Work to complete
Where the line containing "stowa - Présentation" appears below, begin there and reproduce each line exactly through the last one, omitting pictures.

Given data
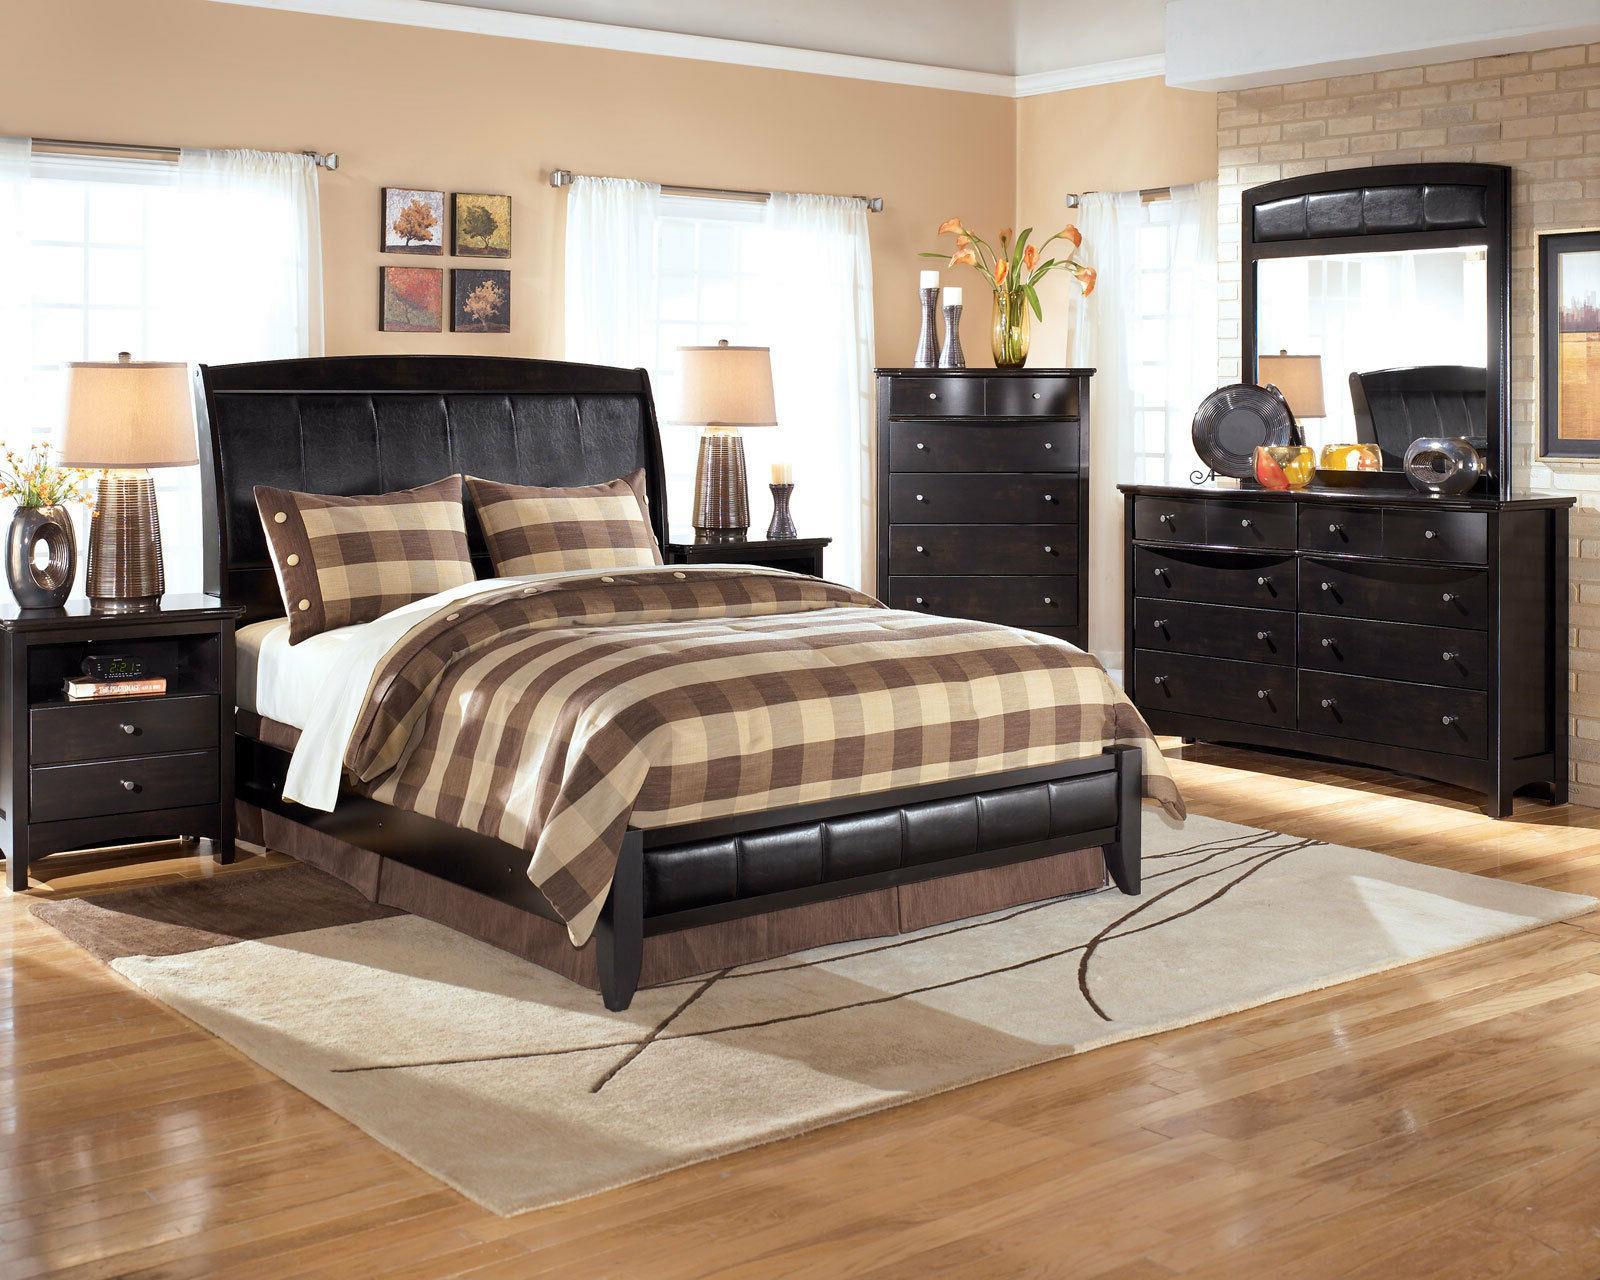 Ashley Furniture B208 Harmony - Modern Queen or King Panel B
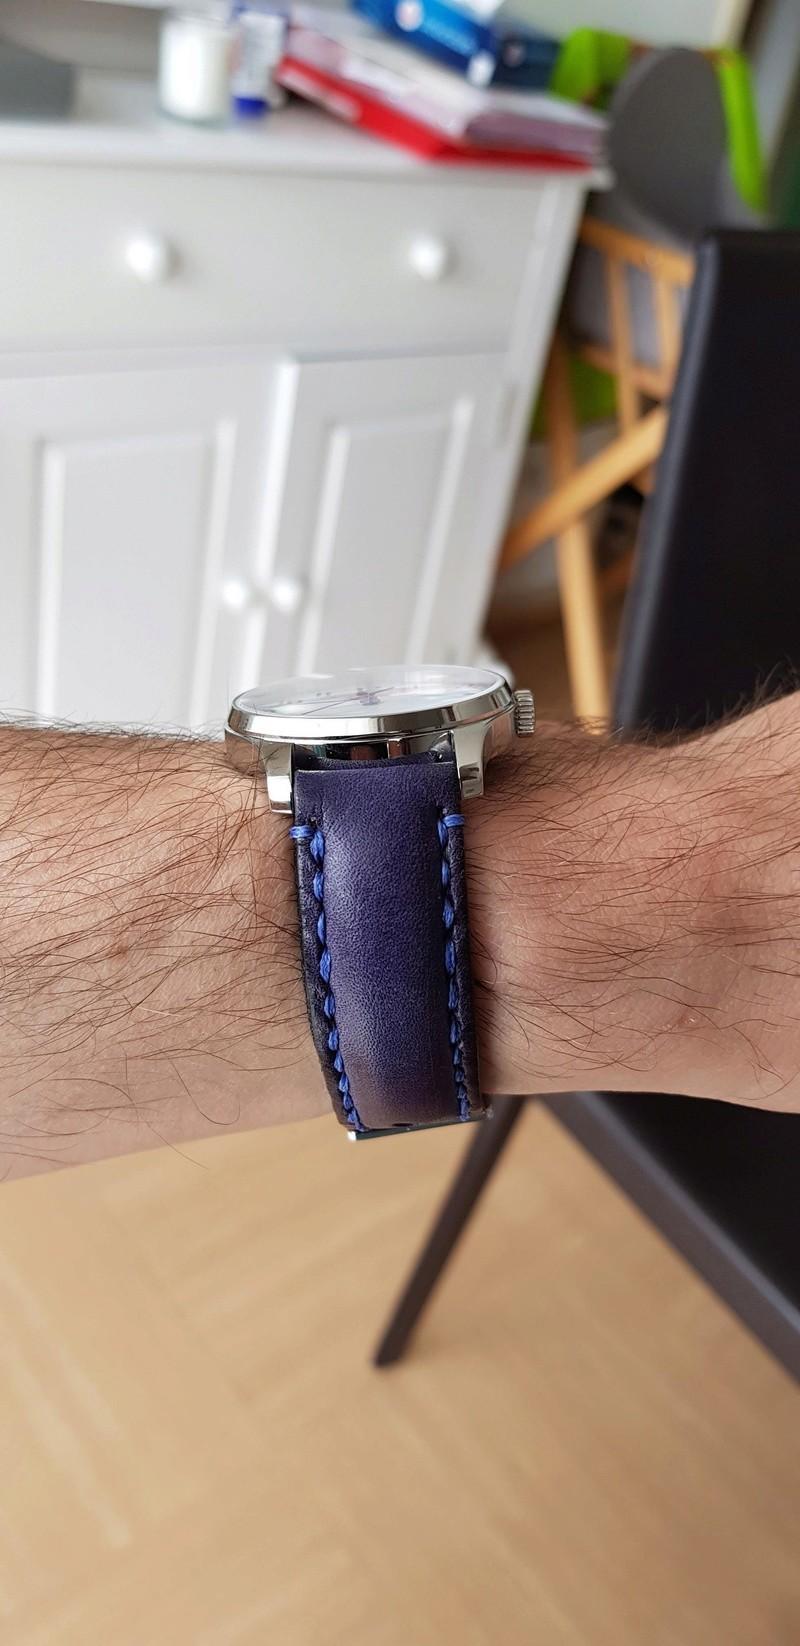 stowa - Présentation de ma montre de mariage - Stowa Stowa710
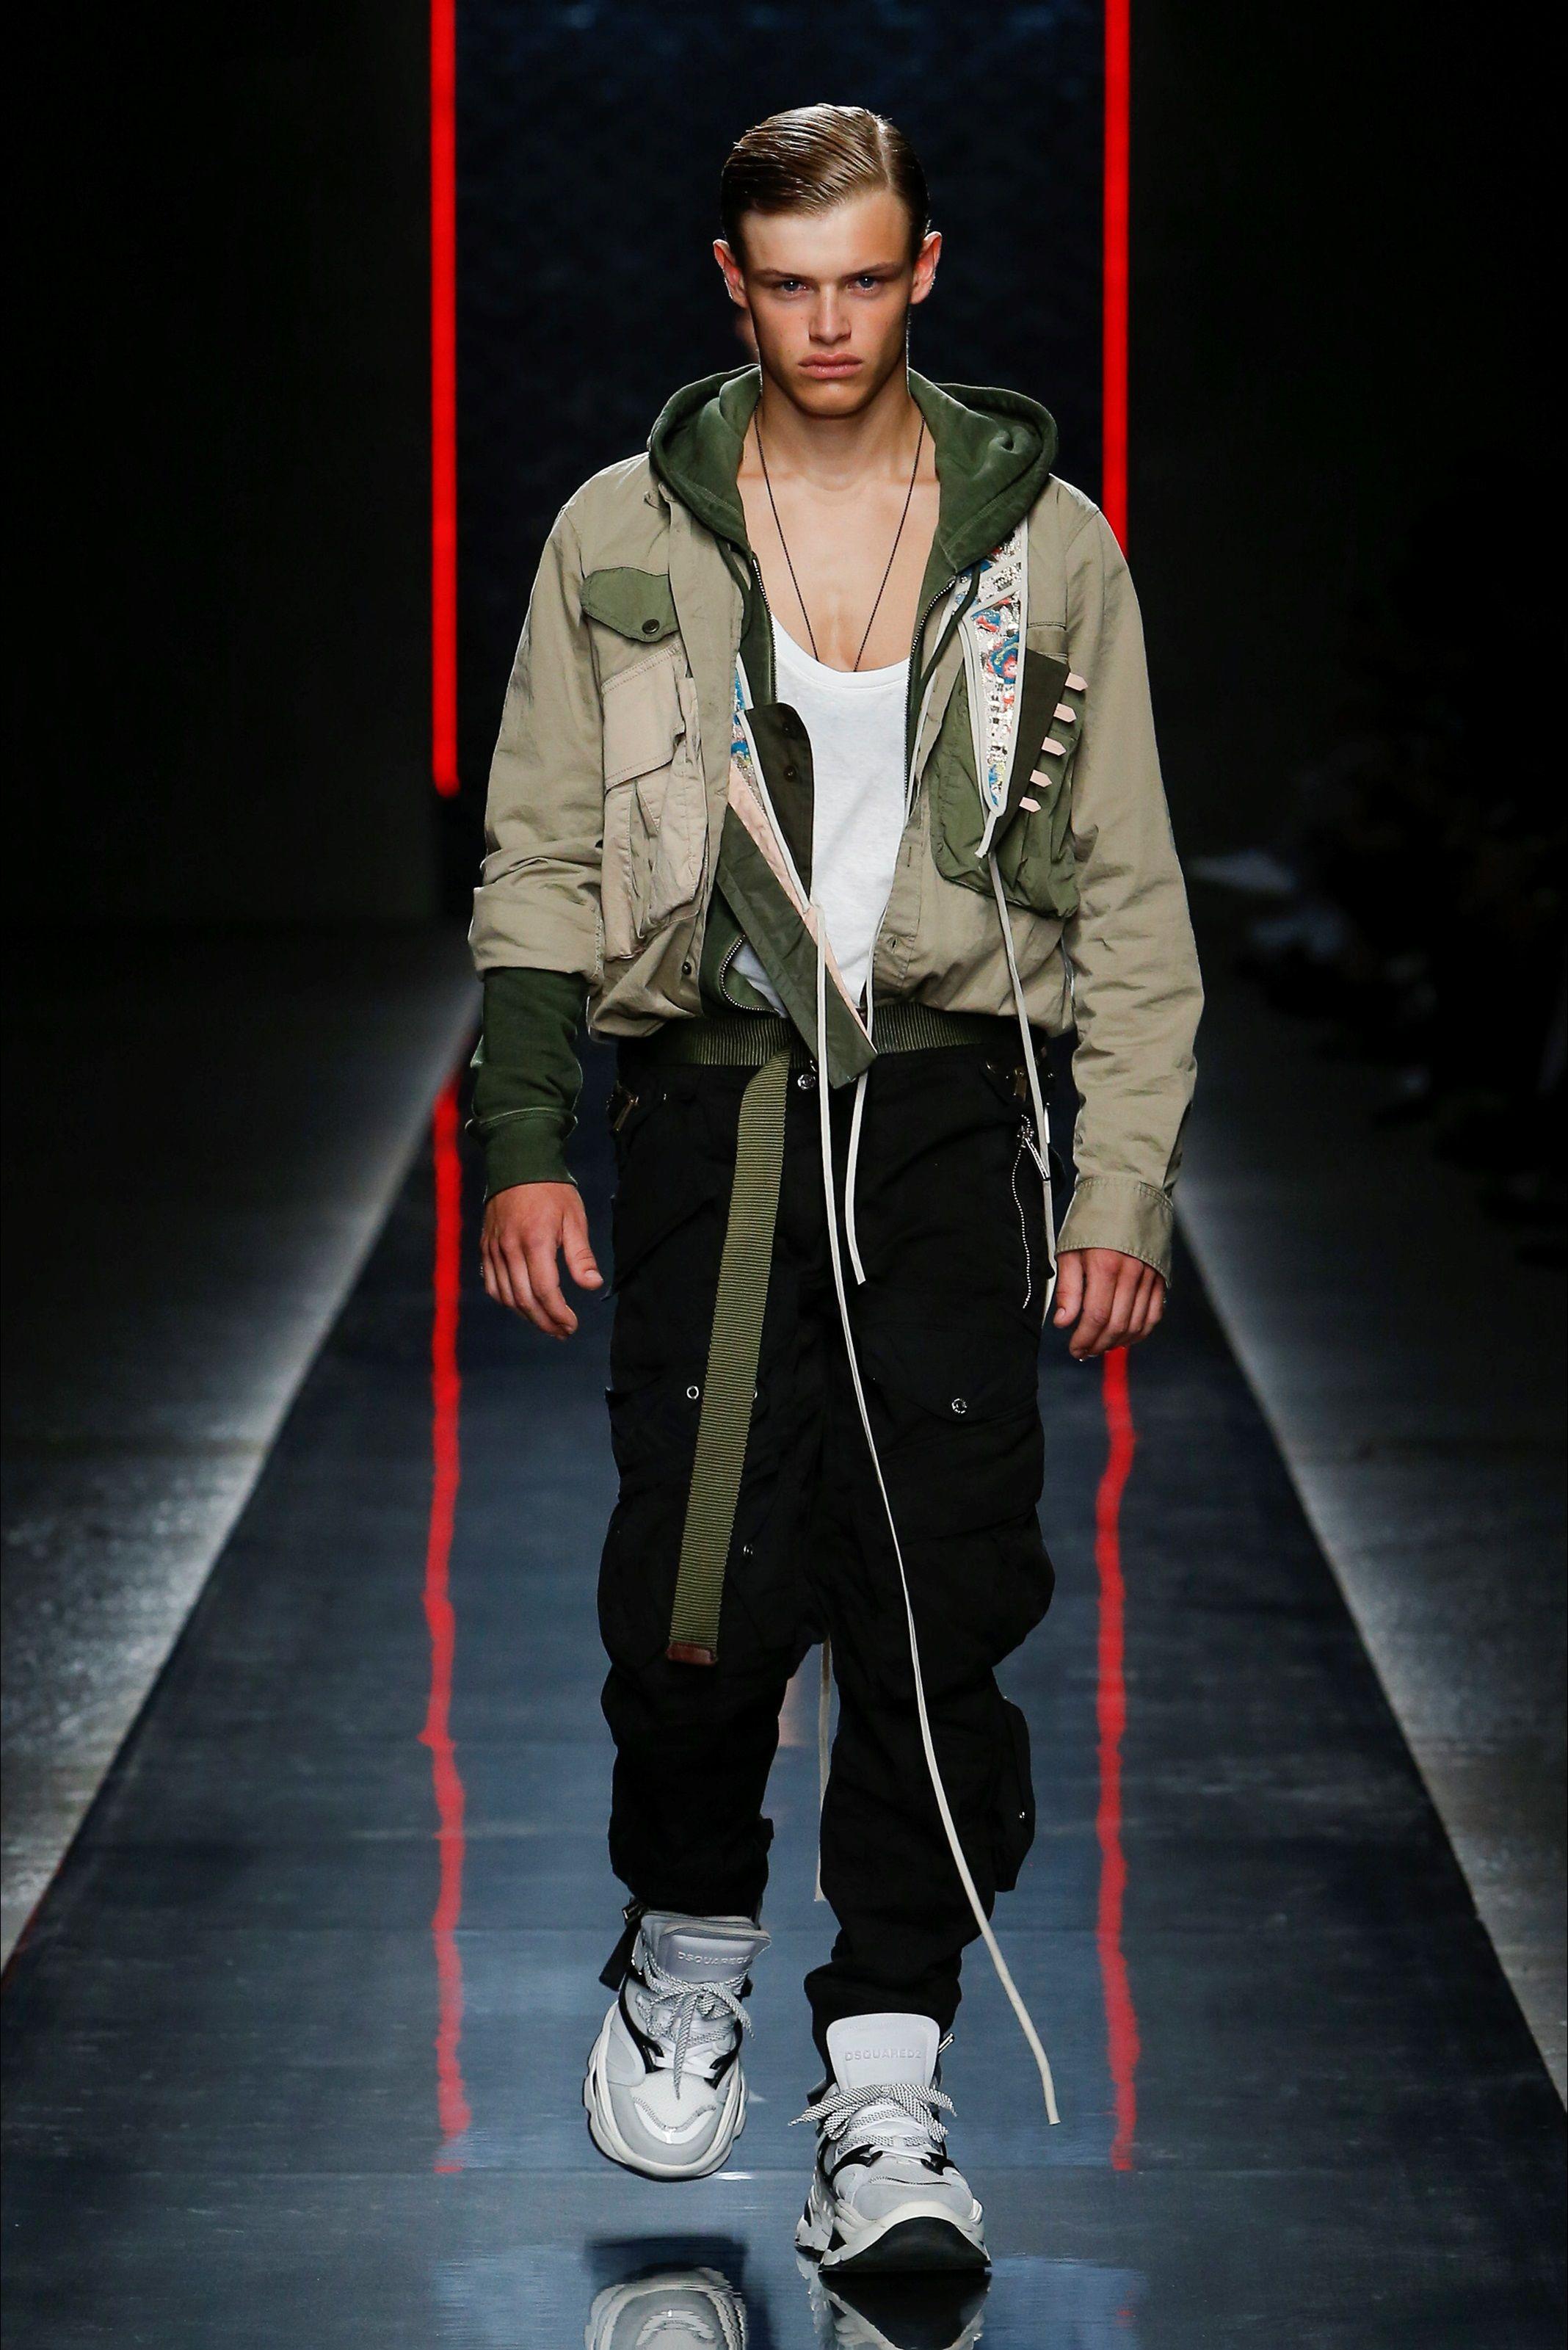 401c80fca89c Sfilata Moda Uomo DSquared2 Milano - Primavera Estate 2019 - Vogue ...

Result for this task
 stowa - Présentation de ma montre de mariage - Stowa Stowa710
 401c80fca89c Sfilata Moda Uomo DSquared2 Milano - Primavera Estate 2019 - Vogue ...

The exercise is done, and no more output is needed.